Media

Newsweek going online-only, Guardian not

By | Published on Friday 19 October 2012

Newsweek

While digital-only labels and releases are no longer really stigmatised in the music business, the media is still waiting for a major traditional player to make the leap to becoming a digital-only enterprise. Some former print magazines have successfully made it as online-only media (hey, you’re reading one), but no major news publication in the UK or US has so far attempted such a thing, even though print circulations are slumping across the board and the future is clearly online (though, for most publishers, slumping print titles are still making more money than booming websites).

But now a major news title has announced that the day of digital-only is almost upon us, albeit a magazine rather than a newspaper. US news title Newsweek will go digital-only in the new year, bringing to an end the publication’s 80 year history in print. In its place will come the digital-only Newsweek Global, a “single worldwide edition targeted for a highly mobile, opinion-leading audience who want to learn about world events in a sophisticated context”.

Core content will only be available to paying subscribers, though some articles will also be available for free via sister website The Daily Beast. The move, Editor In Chief (and Daily Beast founder) Tina Brown has confirmed, will result in job losses and a scaling down of the magazine’s non-US operations. She added: “We are transitioning Newsweek, not saying goodbye to it. We remain committed to Newsweek and to the journalism that it represents. This decision is not about the quality of the brand or the journalism, that is as powerful as ever. It is about the challenging economics of print publishing and distribution”.

The Newsweek news came as The Guardian’s editor Alan Rusbridger denied reports in the Telegraph that his paper was to become the first British news title to shut its print edition and become online-only.
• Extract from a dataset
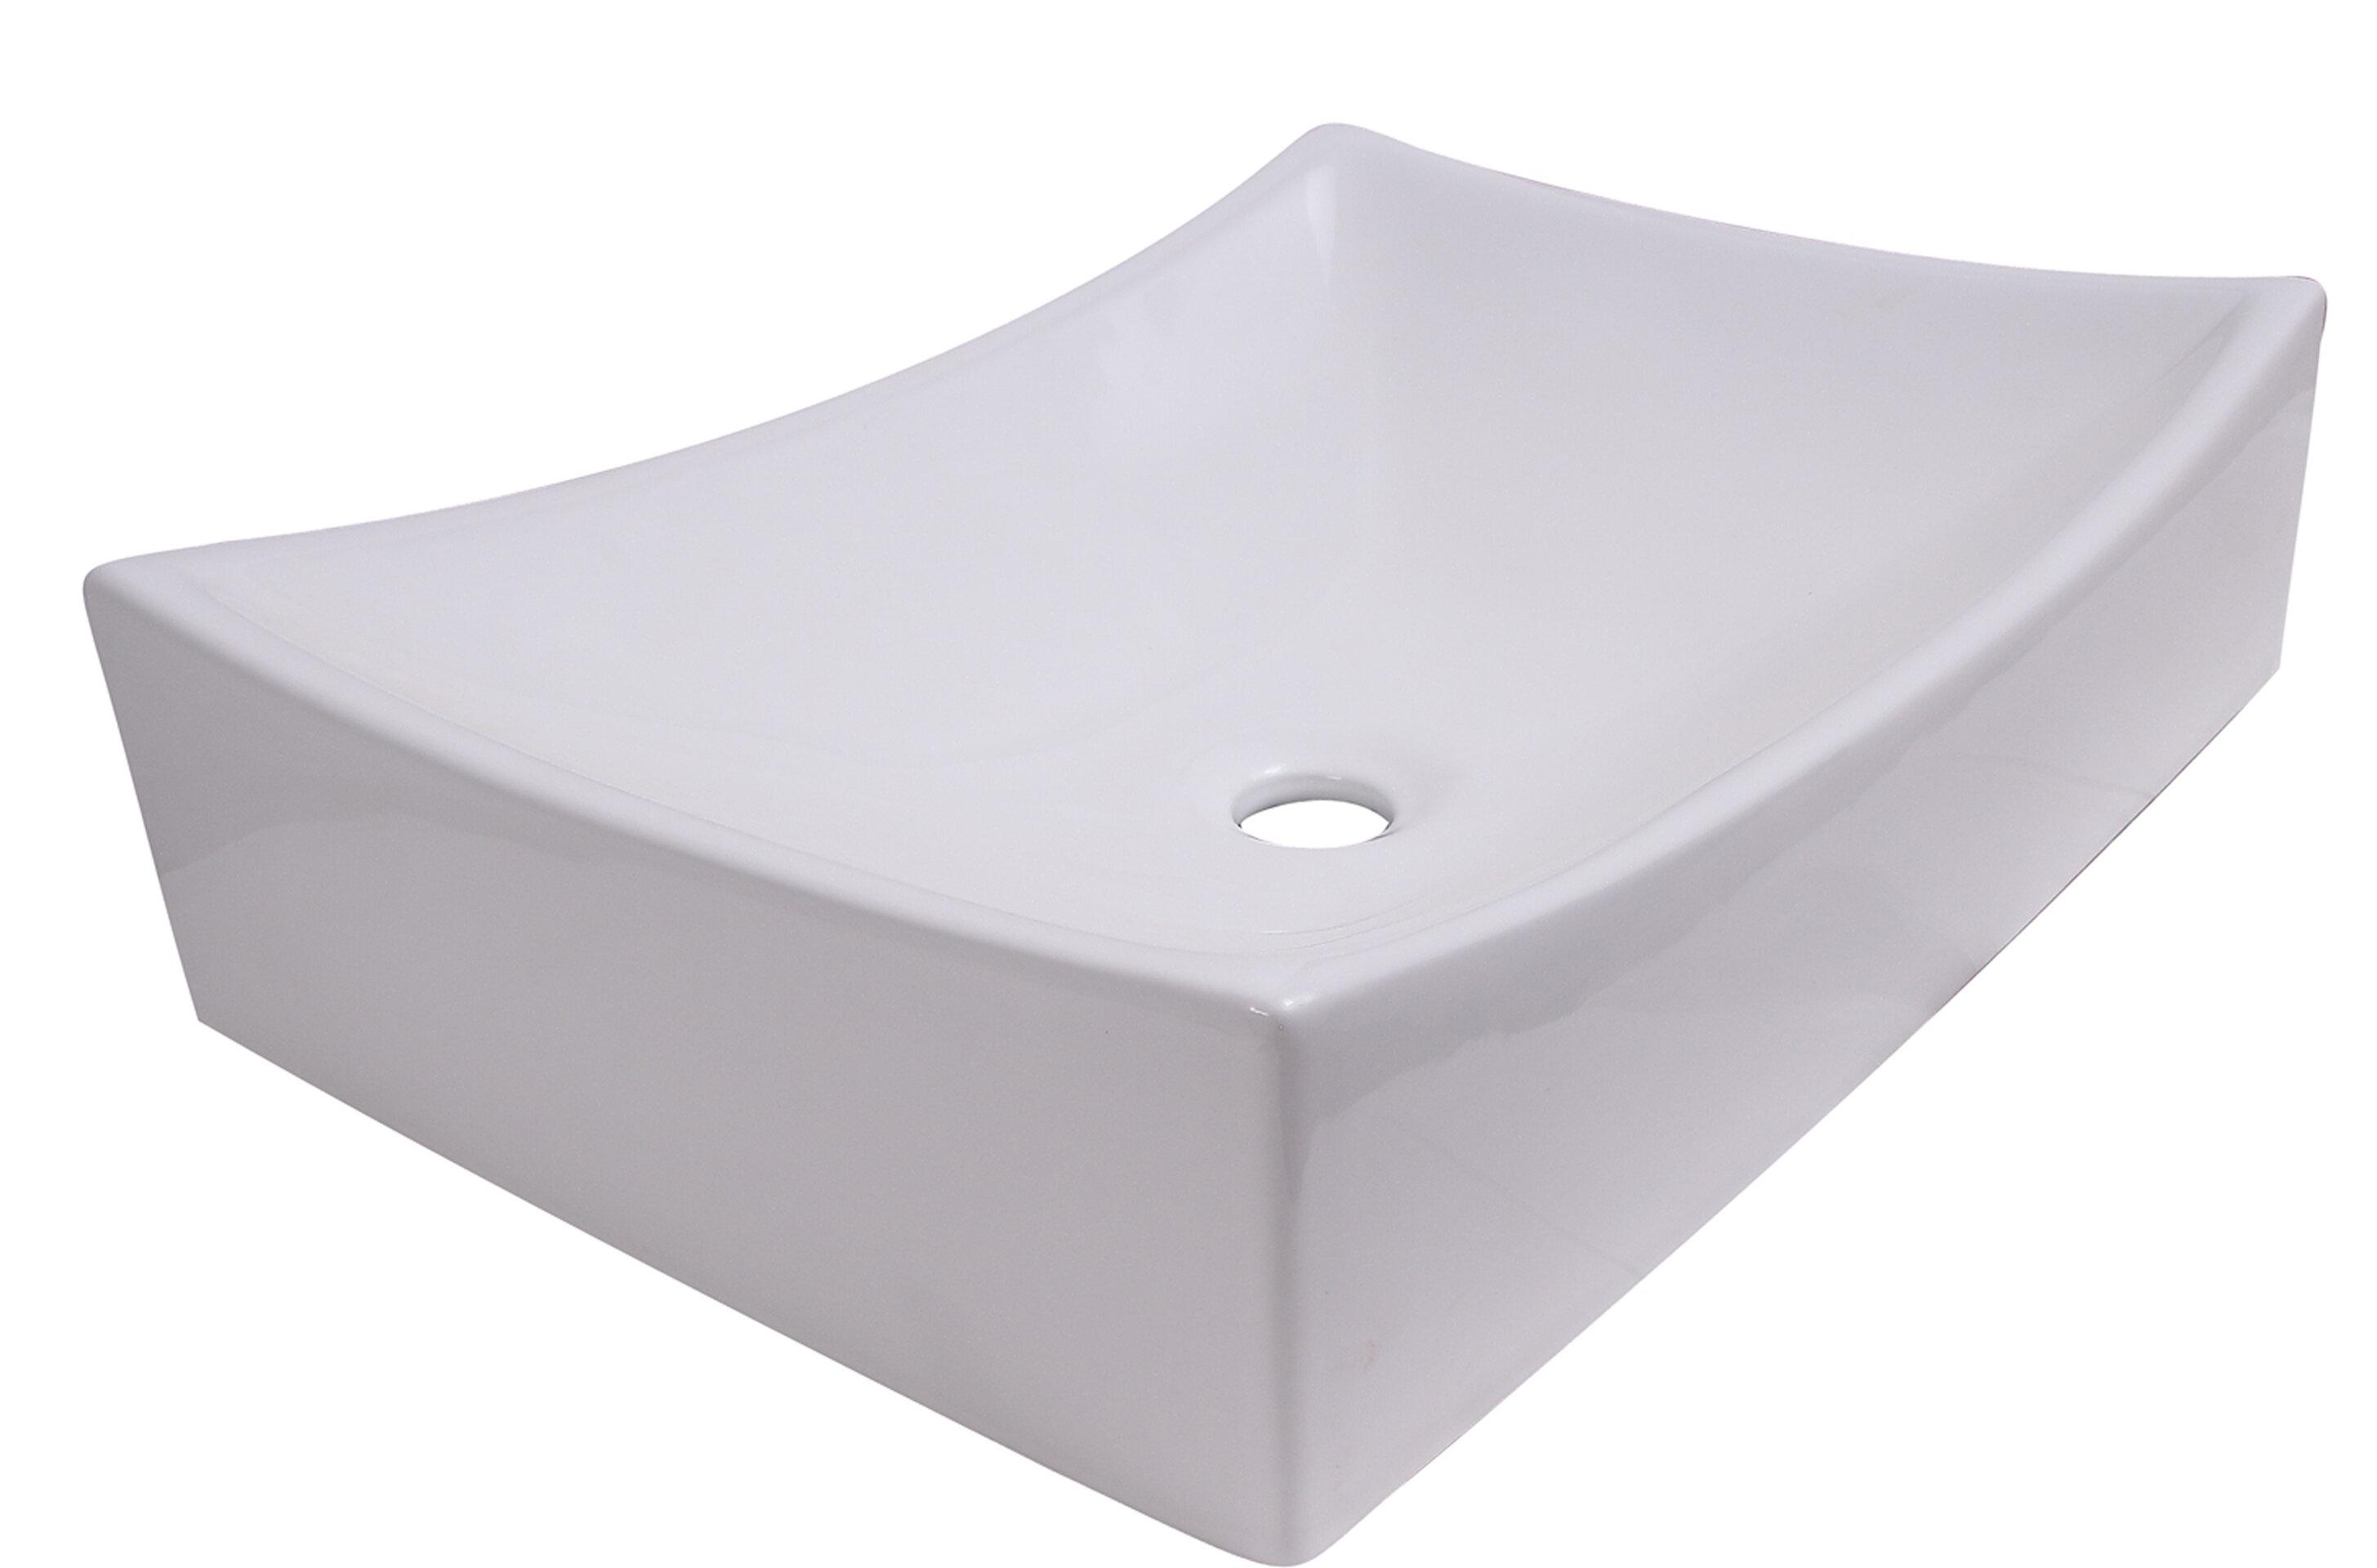 Barclay Styx Vitreous China Rectangular Vessel Bathroom Sink Wayfair

The Guardian has long been mooted as the first UK paper that may go that route, given it has always had a relatively small print readership compared to its rivals, but has grown its audience significantly online.

The Telegraph said that Rusbridger initially wants to expand his paper’s online-only US operation as a pilot for phasing out print in the UK long term, but that trustees of the not-for-profit body that owns the broadsheet, the Scott Trust, fear that will take too long, and that a full-on focus on digital is needed sooner to assure the newspaper’s survival.

But the paper’s editor said via Twitter: “Telegraph story about the Guardian simply untrue. Largely copied from [an article on the More About Advertising website, that is] also untrue”. He added: “Numbers for going digital only and junking print just don’t add up. So Telegraph has written the opposite of the truth”.